LeetCode 153. Find Minimum in Rotated Sorted Array

Description

Suppose an array of length n sorted in ascending order is rotated between 1 and n times. For example, the array nums = [0,1,2,4,5,6,7] might become:

• [4,5,6,7,0,1,2] if it was rotated 4 times.

• [0,1,2,4,5,6,7] if it was rotated 7 times.

Notice that rotating an array [a[0], a[1], a[2], ..., a[n-1]] 1 time results in the array [a[n-1], a[0], a[1], a[2], ..., a[n-2]].

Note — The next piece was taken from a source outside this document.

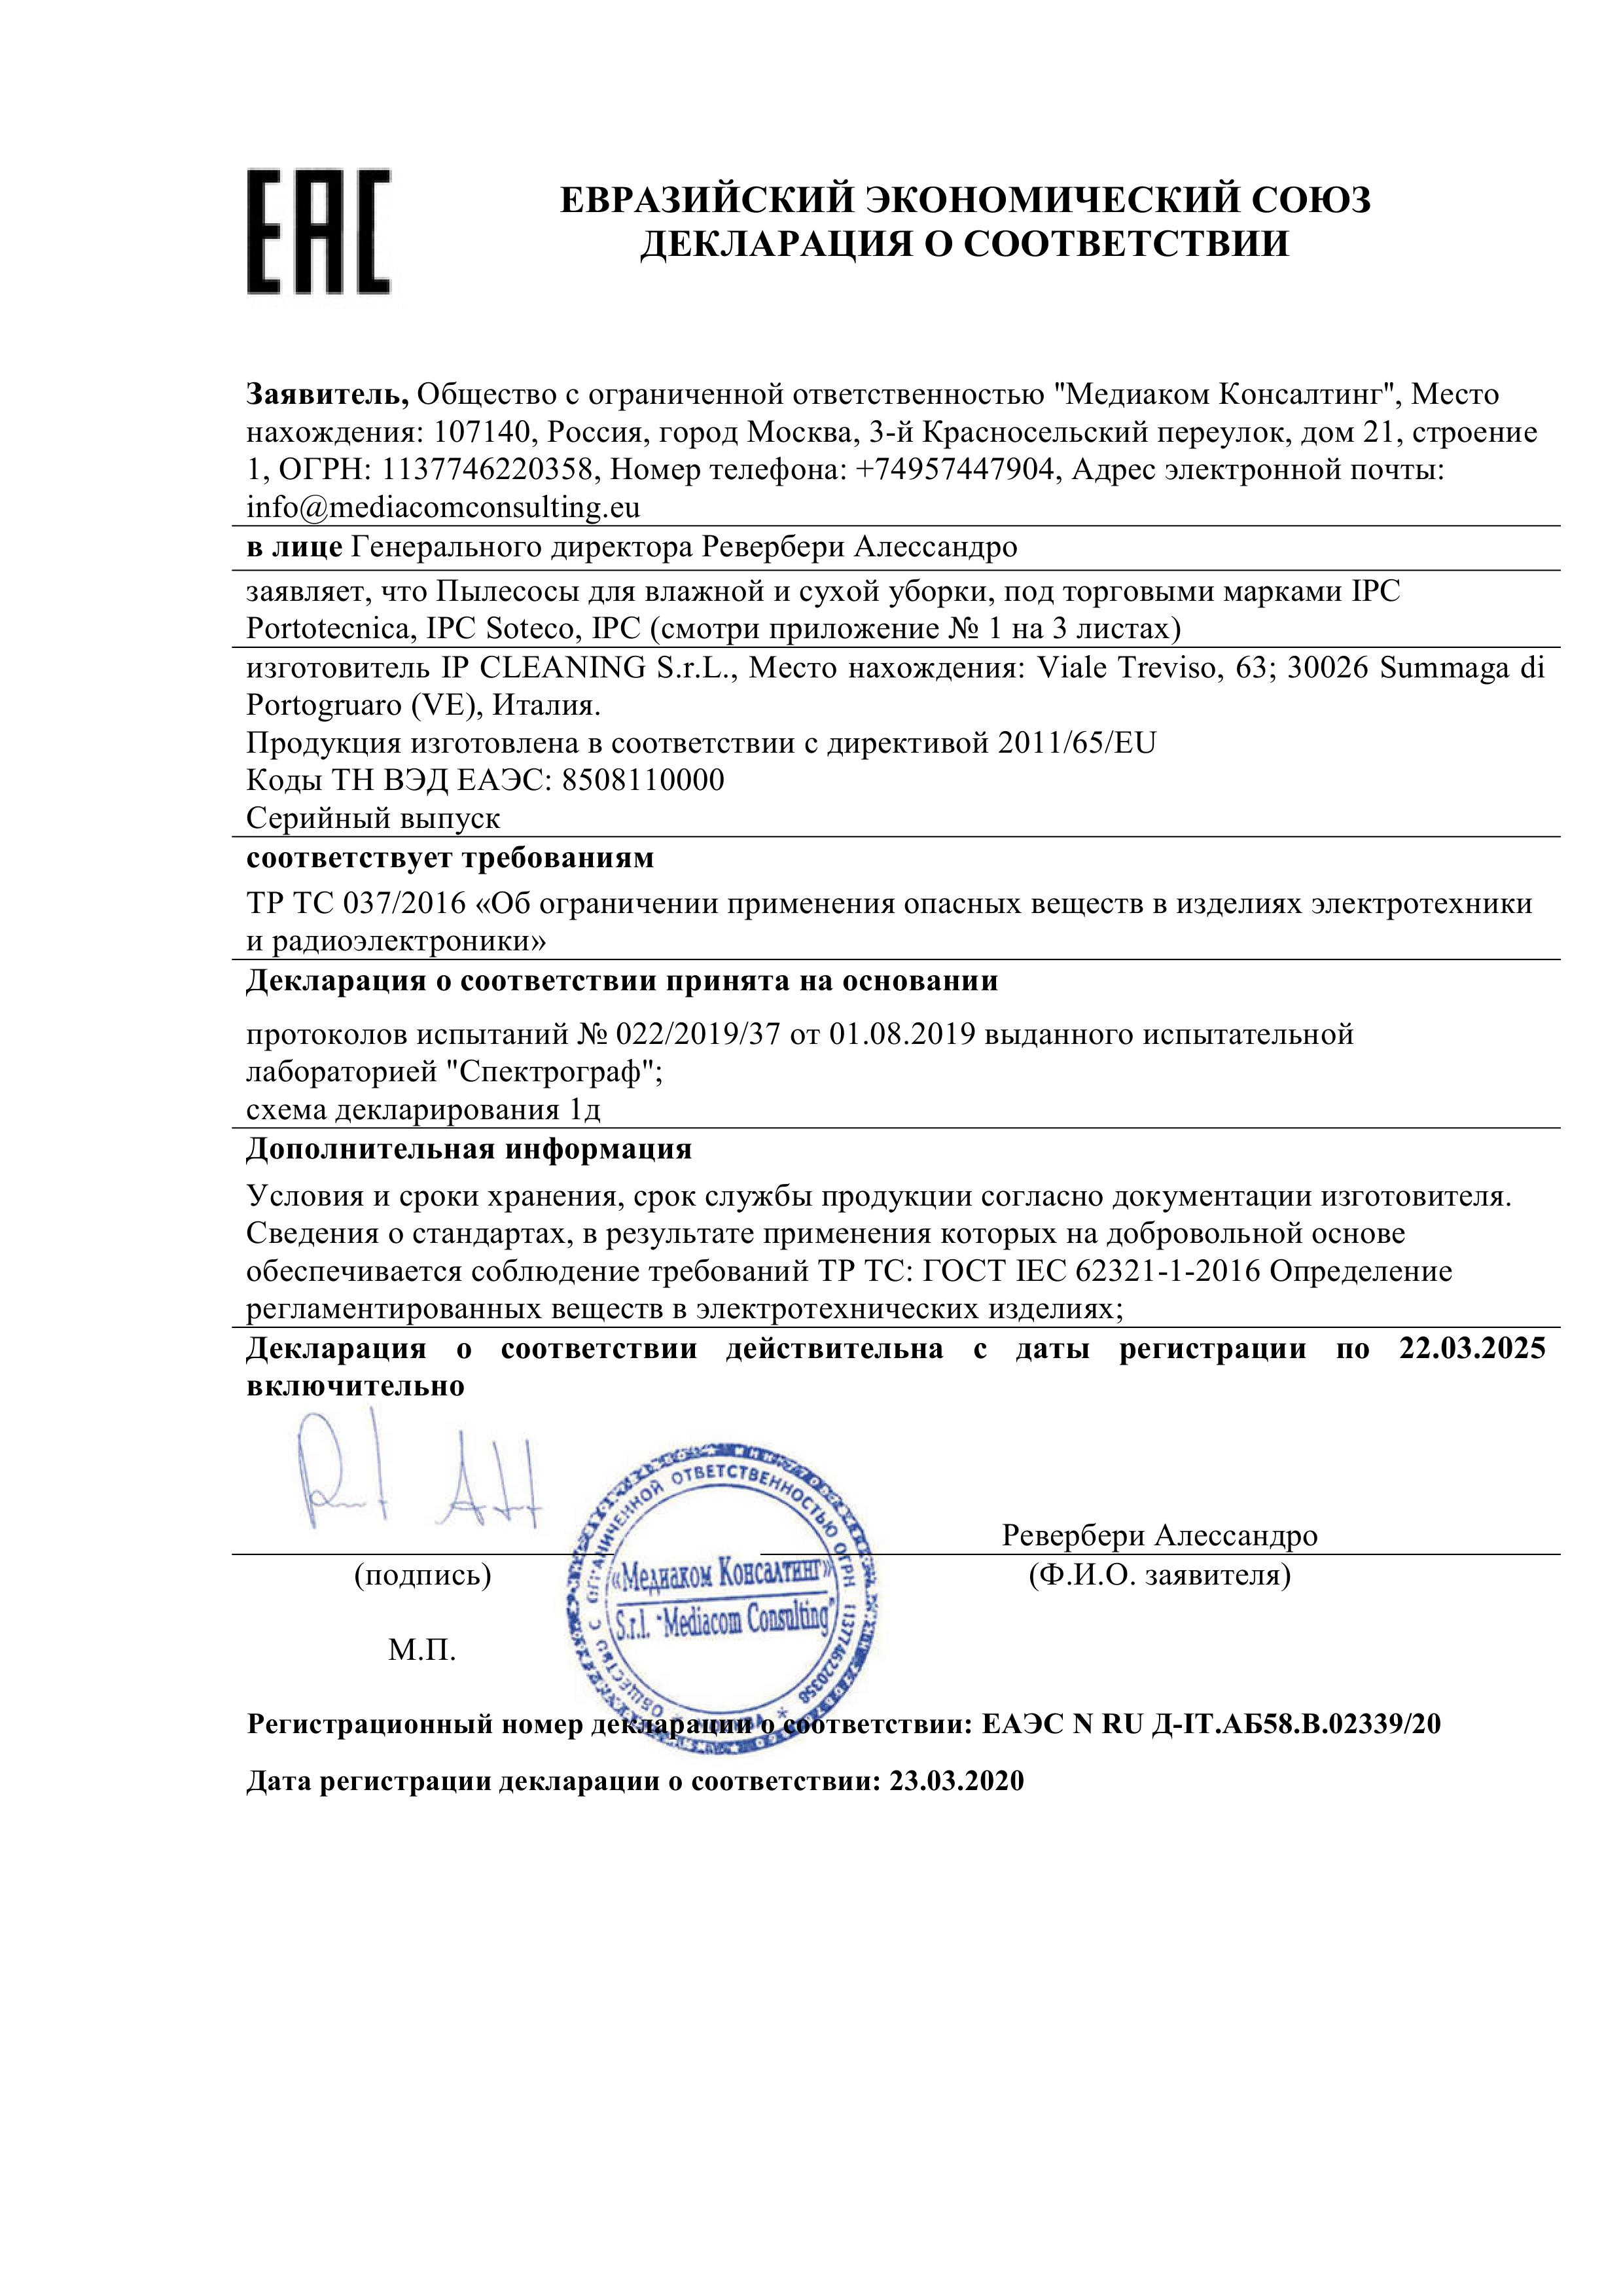 Евразийский экономический союз декларация о соответствии IPC Portotecnika, IPC Soteco
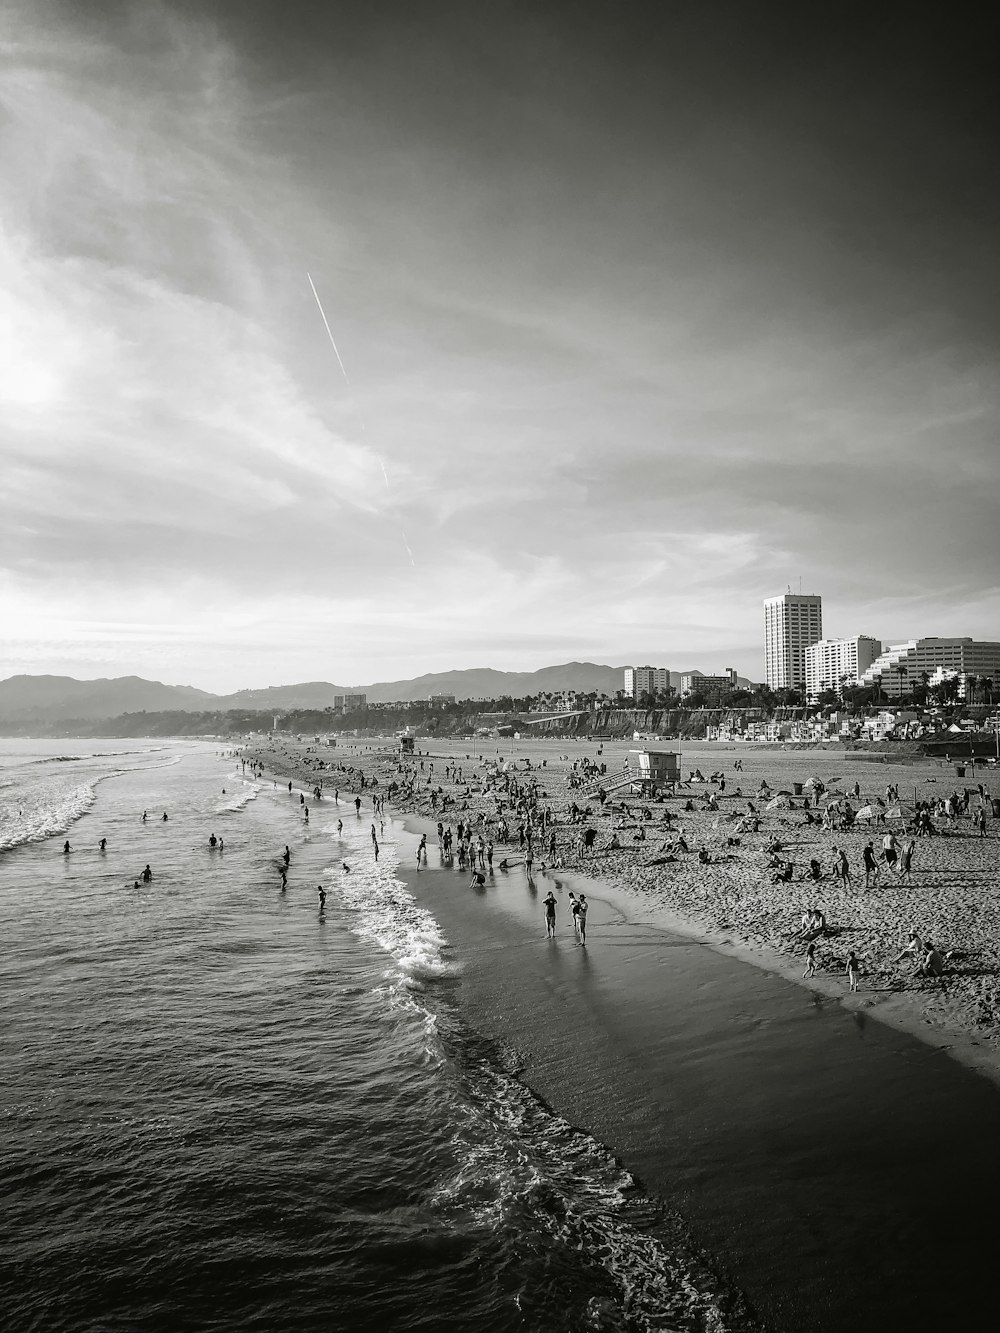 fotografia em tons de cinza de pessoas reunidas perto da costa

Given the sorted rotated array nums of unique elements, return the minimum element of this array.

Example 1:

Input: nums = [3,4,5,1,2]
Output: 1
Explanation: The original array was [1,2,3,4,5] rotated 3 times.

Example 2:

Input: nums = [4,5,6,7,0,1,2]
Output: 0
Explanation: The original array was [0,1,2,4,5,6,7] and it was rotated 4 times.

Example 3:

Input: nums = [11,13,15,17]
Output: 11
Explanation: The original array was [11,13,15,17] and it was rotated 4 times. 

Constraints:

• n == nums.length

• 1 <= n <= 5000

• -5000 <= nums[i] <= 5000

• All the integers of nums are unique.

• nums is sorted and rotated between 1 and n times.

Tags

Array, Binary Search

Solution

Perform binary search to find the precipice in the array, by comparing nums[mid] with the last element of the array. If nums[mid] is larger then move the left pointer to the middle index, otherwise move the right pointer. Finally, we return the smaller one of both nums[start] and nums[end].

Complexity

• Time complexity: $O(\log(n))$

• Space complexity: $O(1)$

Code

func findMin(nums []int) int {
	start, end := 0, len(nums)-1
	for start+1 < end {
		mid := start + (end-start)/2
		if nums[mid] >= nums[end] {
			start = mid
		} else {
			end = mid
		}
	}
	if nums[start] < nums[end] {
		return nums[start]
	}
	return nums[end]
}